The pleasure of strolling through a bookstore has been spooned to me since I was very young. I remember the days when I could choose a book to buy before we would go on vacation to the dutch seaside. It was so thrilling to let my eyes wander through the two bookshelves that our local bookstore, basically a shop were you could buy newspapers and magazines, and decide on this vacation’s pick.
My life improved considerably when I was 16. My mother decided that it was a good age to start to live a little more responsibly, and she decided I could have a monthly allowance to spend on cloths. I decided to stretch the meaning of that term. One could buy trousers and jumpers, but one also could buy books. They covered your brain with new layers. I couldn’t care less that my jeans had holes and me and a friend of mine distinguished ourselves from our mates buy wearing the old shirts from our fathers. We would ask our mothers to take the collar off. Cool, we thought, and cheap.
This was the start of my book collection.
Buying books was one, reading them something else. My parents had the idea that one should do homework for one and a half hours every day. I thought that was insane. We struggled for years and years about this subject. These struggles ended when I started to read a lot again after I was about 114/15. My parents thought I was doing homework, while I just gulped in novel after novel. These were the days when I would time myself. I focused so much I could read 60 pages an hour. That would mean that on some days I would start and finish the same book. Everybody was happy.

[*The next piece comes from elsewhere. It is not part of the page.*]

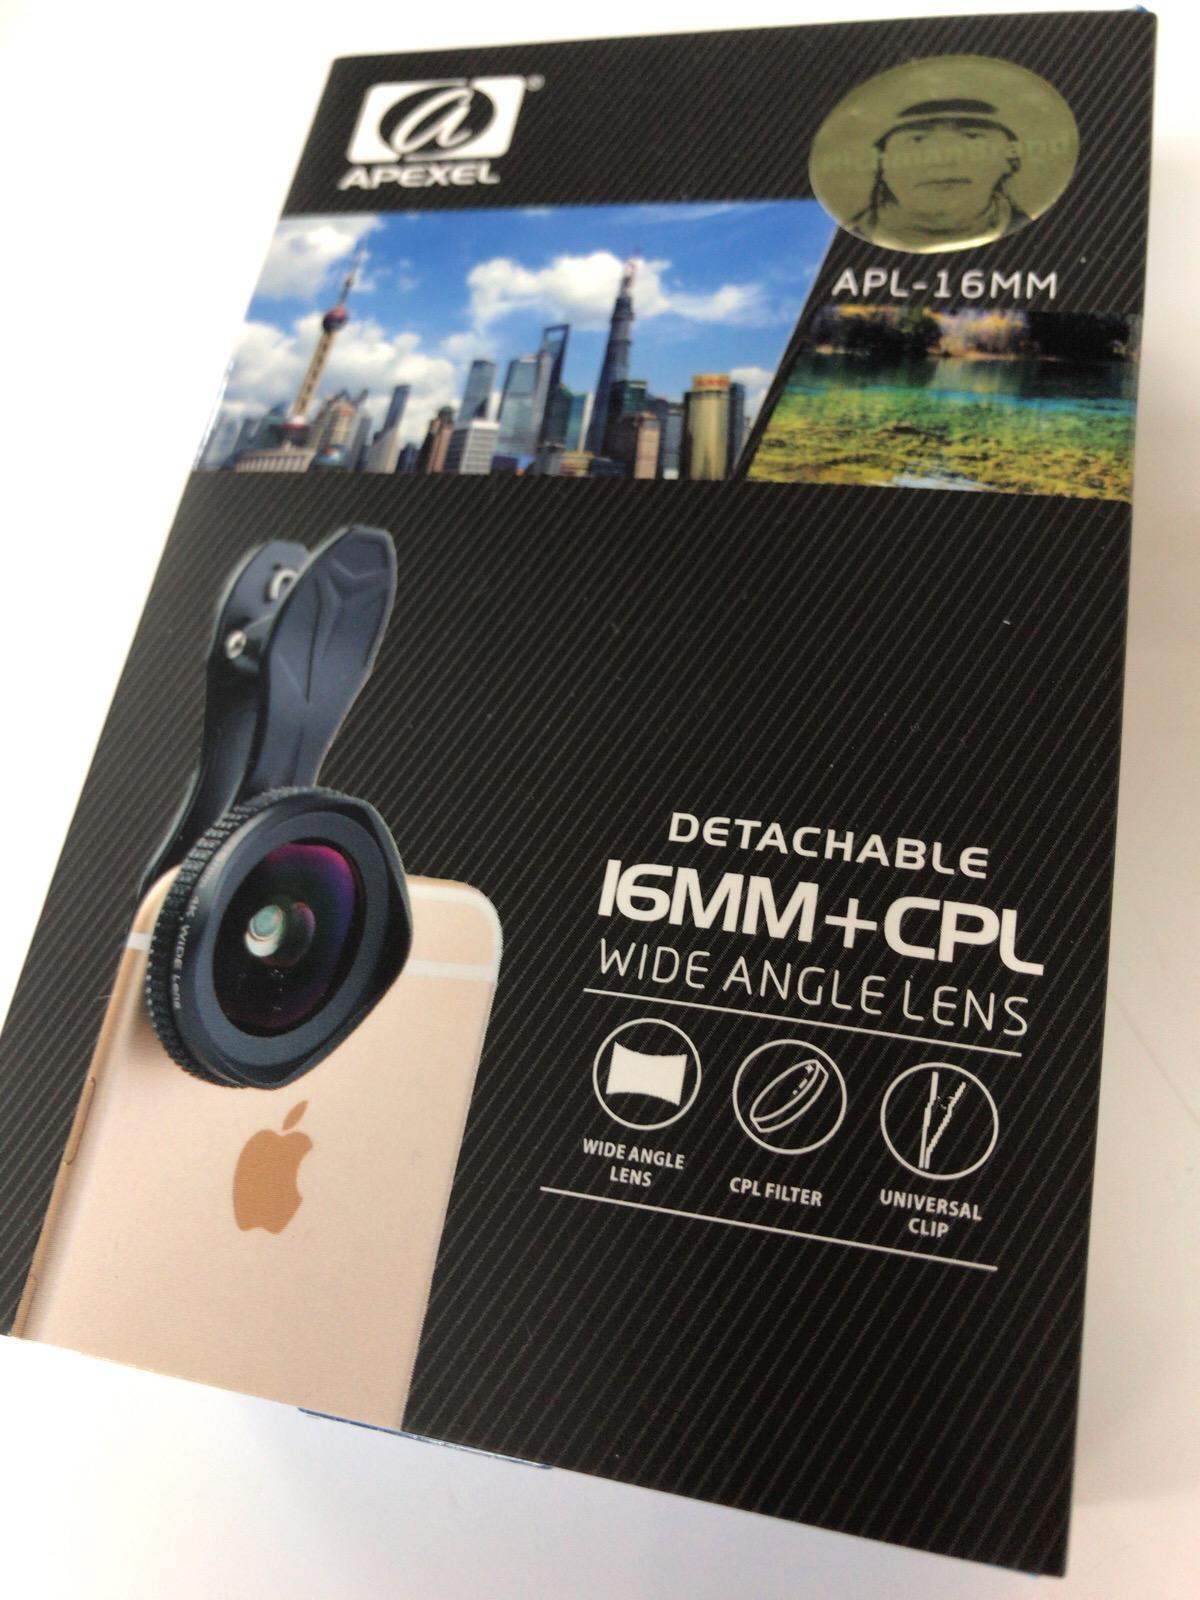 http://blogs.itmedia.co.jp/tooki/553478e7c751a526c54fec440e97c0607401801e.JPG

I was no stranger to reading or to like to collect books in our house. My father had studied classics. When he studied in the late fifties and early sixties, he was given a bourse that could be used for buying books. Which is just what he did. By the time he married there were thousands of them. I remember myself as a little boy, being impressed by all those books. I loved to glance through them. I loved the old books with greek texts and french annotations. I couldn’t read any of it, but I must have sensed they were published beautifully. When I am talking about this I remember exactly how my new found reading hunger started. With reading all the Bond stories by Ian Fleming my dad owned in Bruna pockets. I loved the covers as much as the stories.
I’ve always spend a (too) large amount of my disposable income on buying books. Should and could have been more sensible, but was very happy with this kind of wasting money. I’ve missed being around them, my books, these past months. Like I really was unsettled by the fact that most of my books were in storage in the half year before we left on vacation.
It is terribly pleasing though, to spend some time in a house with an exquisite library. Paul, the owner of this house, must have most of his own library in his regular house in Amsterdam, but the walls are filled with shelves and shelves of books from several generations of his family. And what an erudite family it is. Virginia Woolf, Albert Camus and Thomas Mann, all in their own languages. Just being around these books lifts me up. It almost makes me feel like I’m at home. Almost.